Denplay195 commented 5 months ago

Only using Vulkan NoAVX2, after context shifting (both ways tried as you can see pic related), the further generations are being complete nonsense (or just one repeating word if Mirostat 2 is on) no matter what I do (with prompt or with settings/models)

image

image

P.S. Thanks for adding this backend!

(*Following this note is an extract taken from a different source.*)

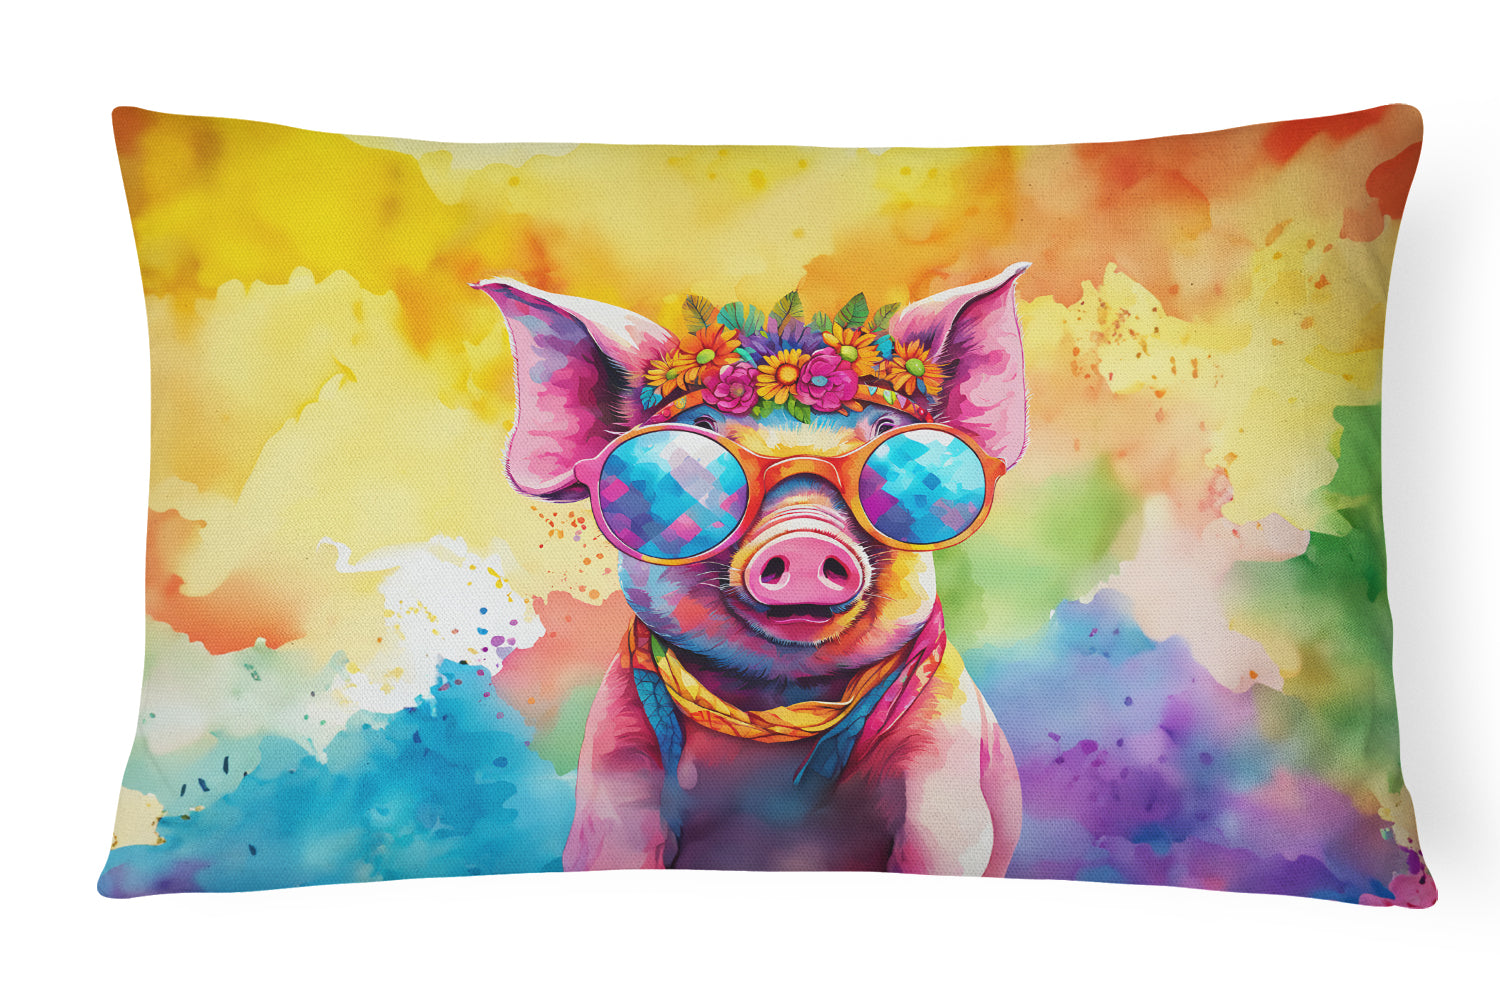 Buy this Hippie Animal Pig Throw Pillow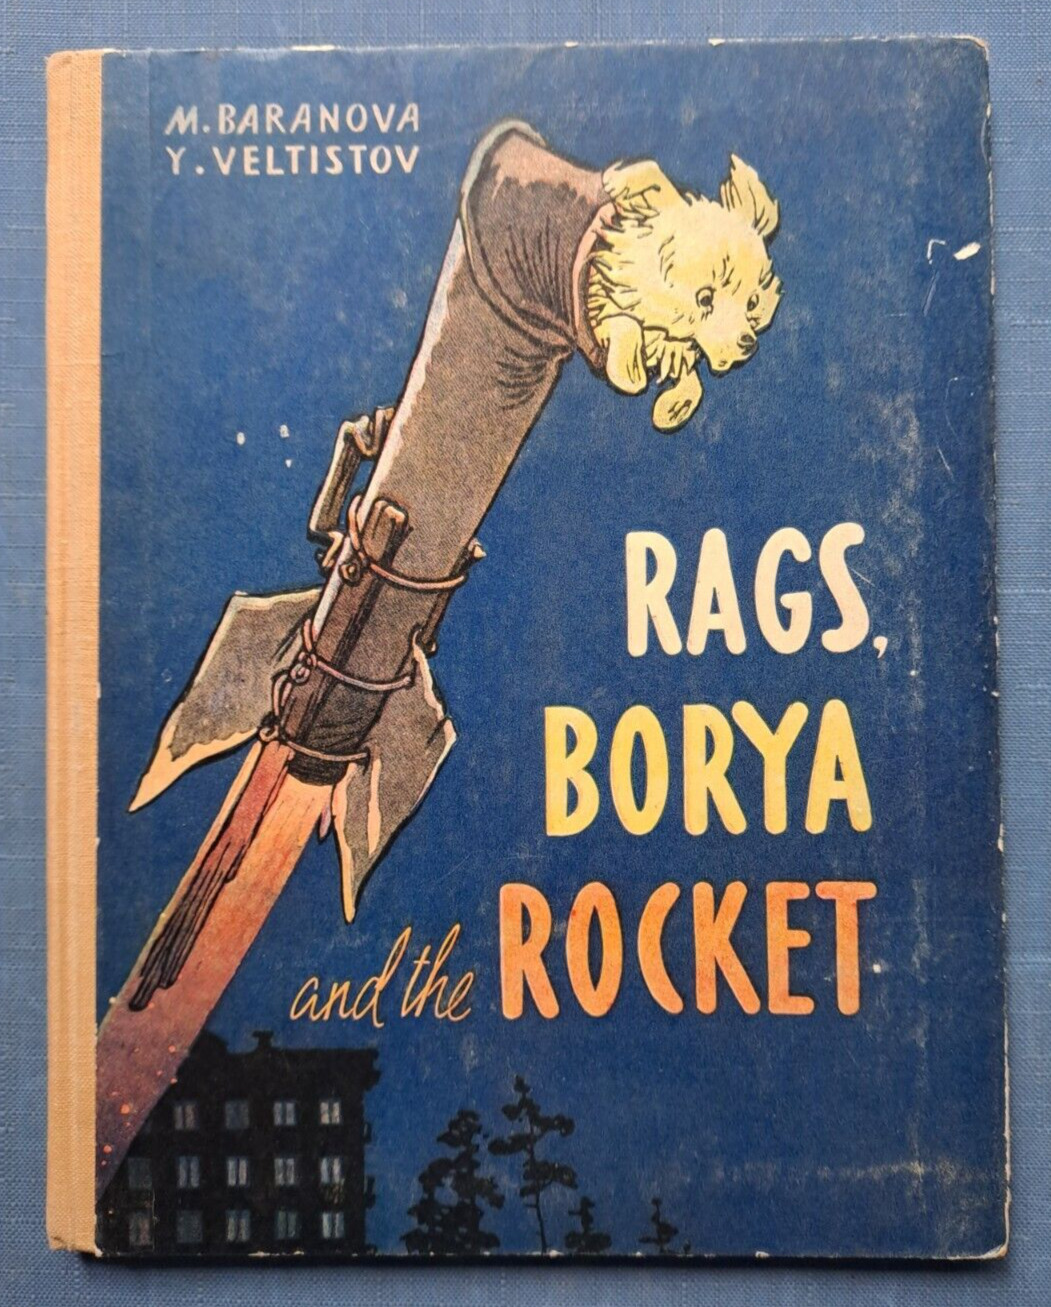 1962 Rags Borya and Rocket Space dog Laika Belka Strelka Russian book in English

It turns out to be much more memory hungry and just hot on my machine, but it is more than twice faster for much I've tested 🔥

LostRuins commented 5 months ago

What model is this?

Denplay195 commented 5 months ago

What model is this?

I guess it's Noromaid-13B-0.4-DPO.q4_k_m, but I've got several models with the same result.

Other ones were just typing out different symbols and words (Russian, Chinese, French) without spaces and given context to do this before.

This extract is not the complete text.